Star Trek: Picard Season 2

The first season of Star Trek: Picard was maybe the best season of Star Trek ever. I adored it so much that I wrote six reviews covering its ten episodes! (If you’re interested, you can start here.) It wobbled a little bit on the landing, but overall it was character-rich, exciting, and thoughtful – all the things that The Next Generation muffed on a regular basis.

I was certainly disappointed to hear that Michael Chabon stepped away from being the showrunner of season 2, but was happy to give it a chance. Unfortunately my disappointment was warranted, as season 2 was a big step down from season 1.

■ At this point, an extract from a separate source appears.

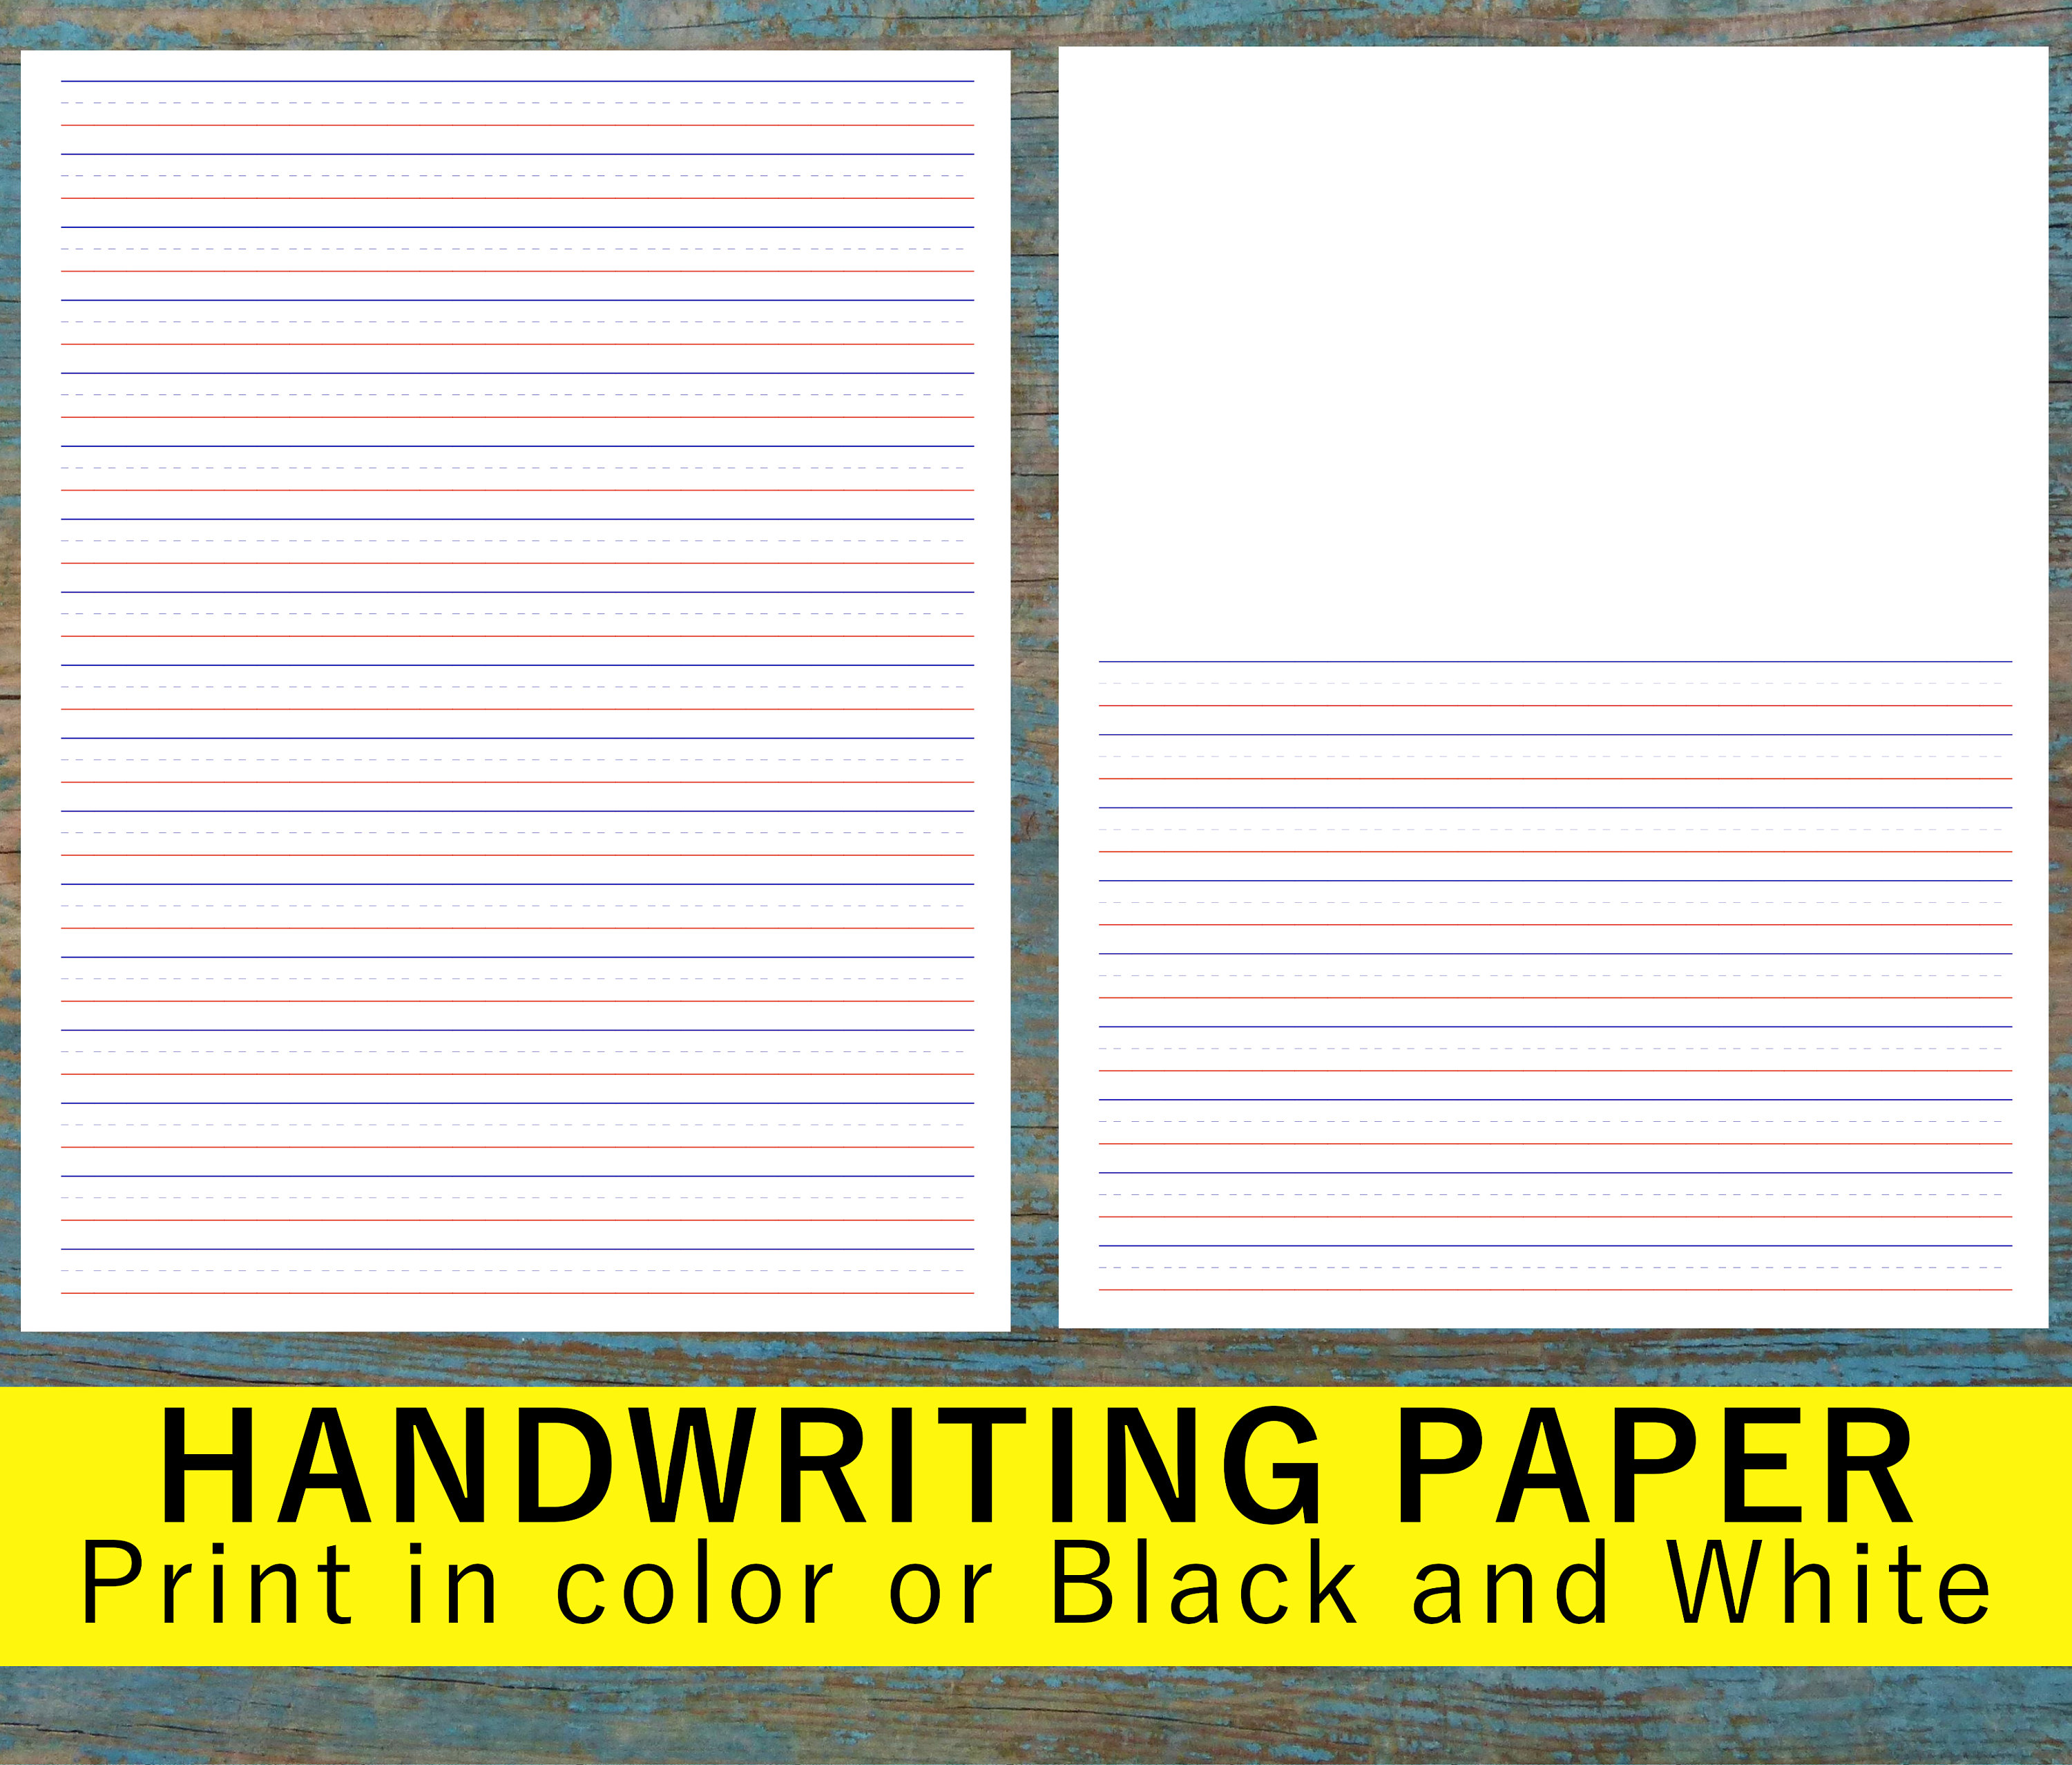 Handwriting Paper Printable Story Writing Paper Printable Elementary Home  Schoolong Printable Lined Paper Paper With Space to Draw

Season 2 featured a lot of Trek fan service, which sometimes worked and sometimes didn’t. It set the early tone for the series as the first episode was packed with views into Picard’s life, his current role in Starfleet, what the other main characters were doing in and around Starfleet, the return of an old friend, and the return of the Borg. But things get turned on their ear when Q shows up and most of the principals from season 1 find themselves in an alternate timeline, and have to return to the 21st century to set things right.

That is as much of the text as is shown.